→ WORK REQUIRED: From the listing below, give again exactly the lines from the line with "Spongebob magic coloring book for kids" to the line with "Rio Grande do", ends included, without any pictures.

→ DATA RECORDS:
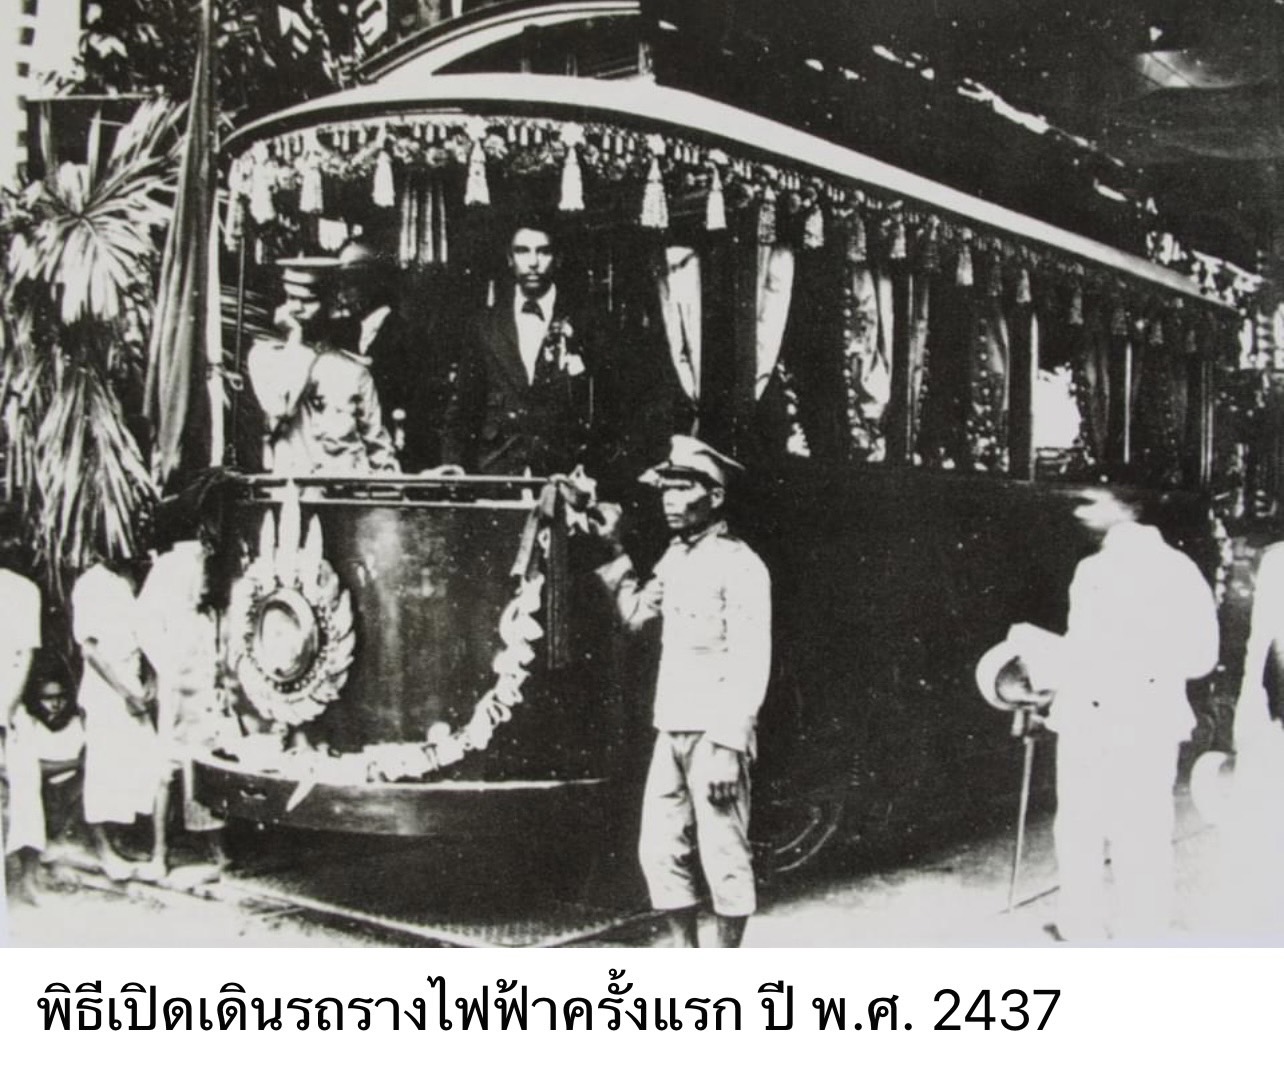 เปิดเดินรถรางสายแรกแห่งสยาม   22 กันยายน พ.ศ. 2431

==

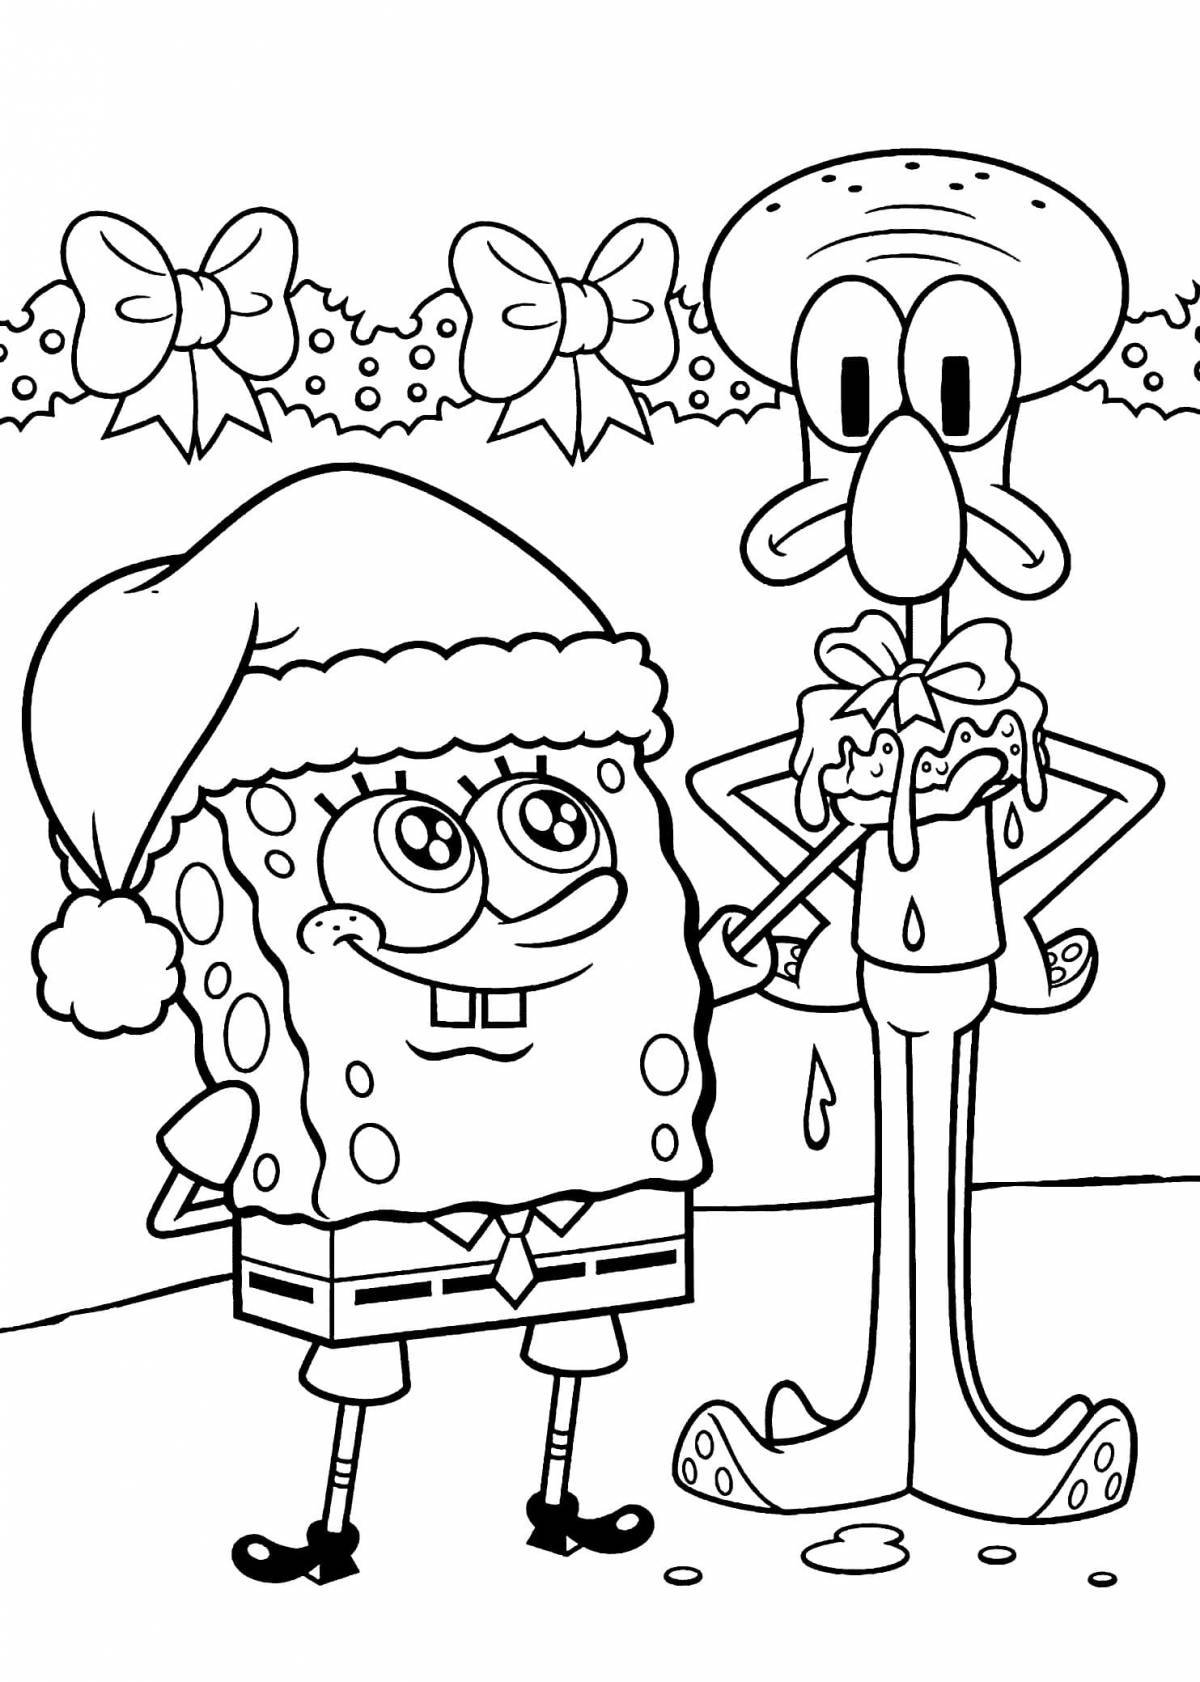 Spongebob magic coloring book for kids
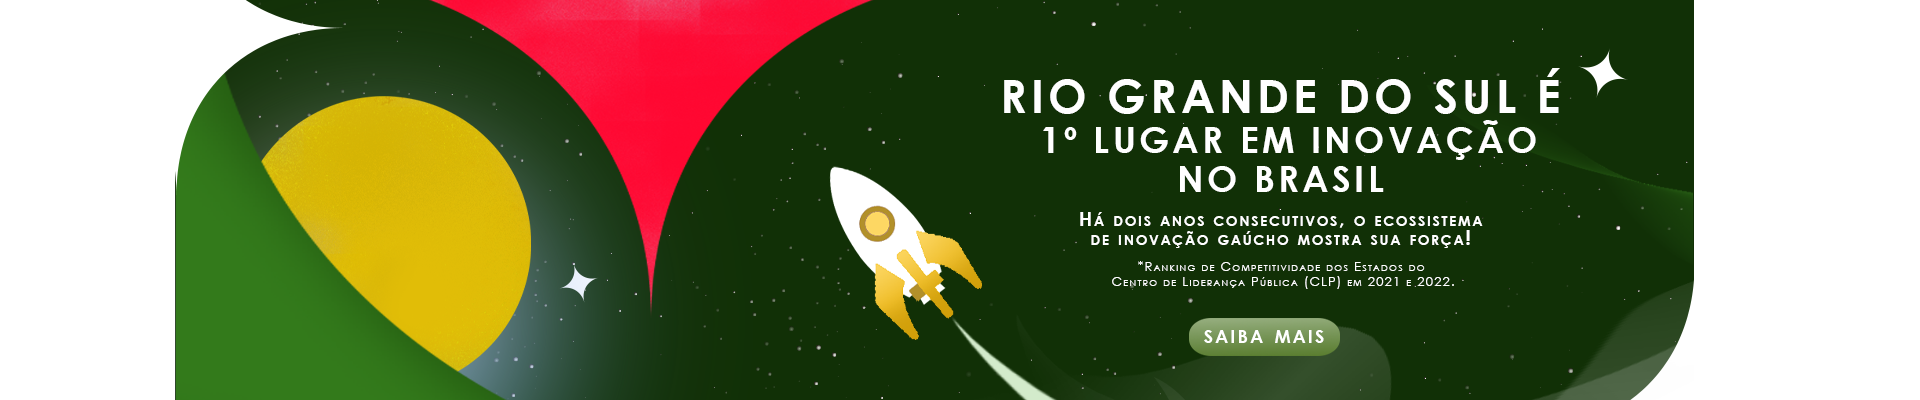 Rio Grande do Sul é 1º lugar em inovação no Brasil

---

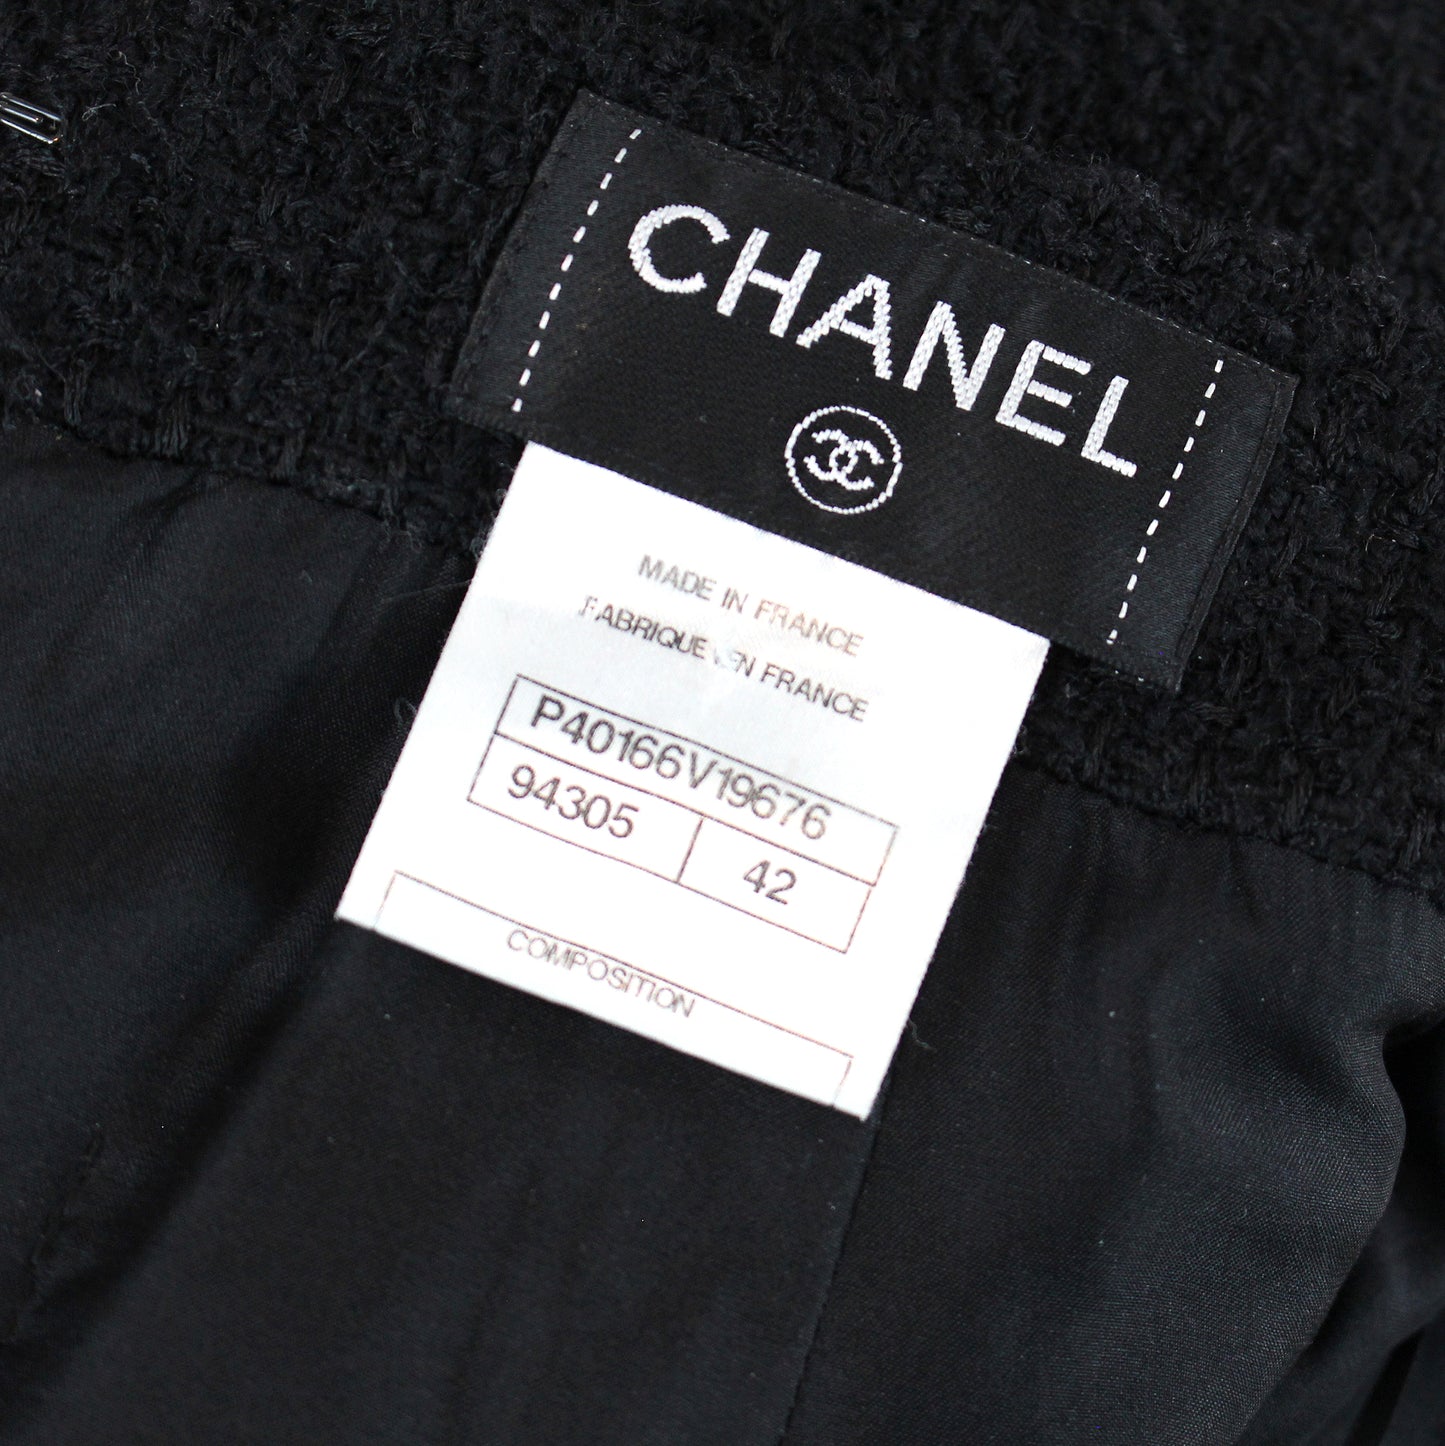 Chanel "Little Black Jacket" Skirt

→ OUTPUT OF THE EXERCISE:
 Spongebob magic coloring book for kids
 Rio Grande do Sul é 1º lugar em inovação no Brasil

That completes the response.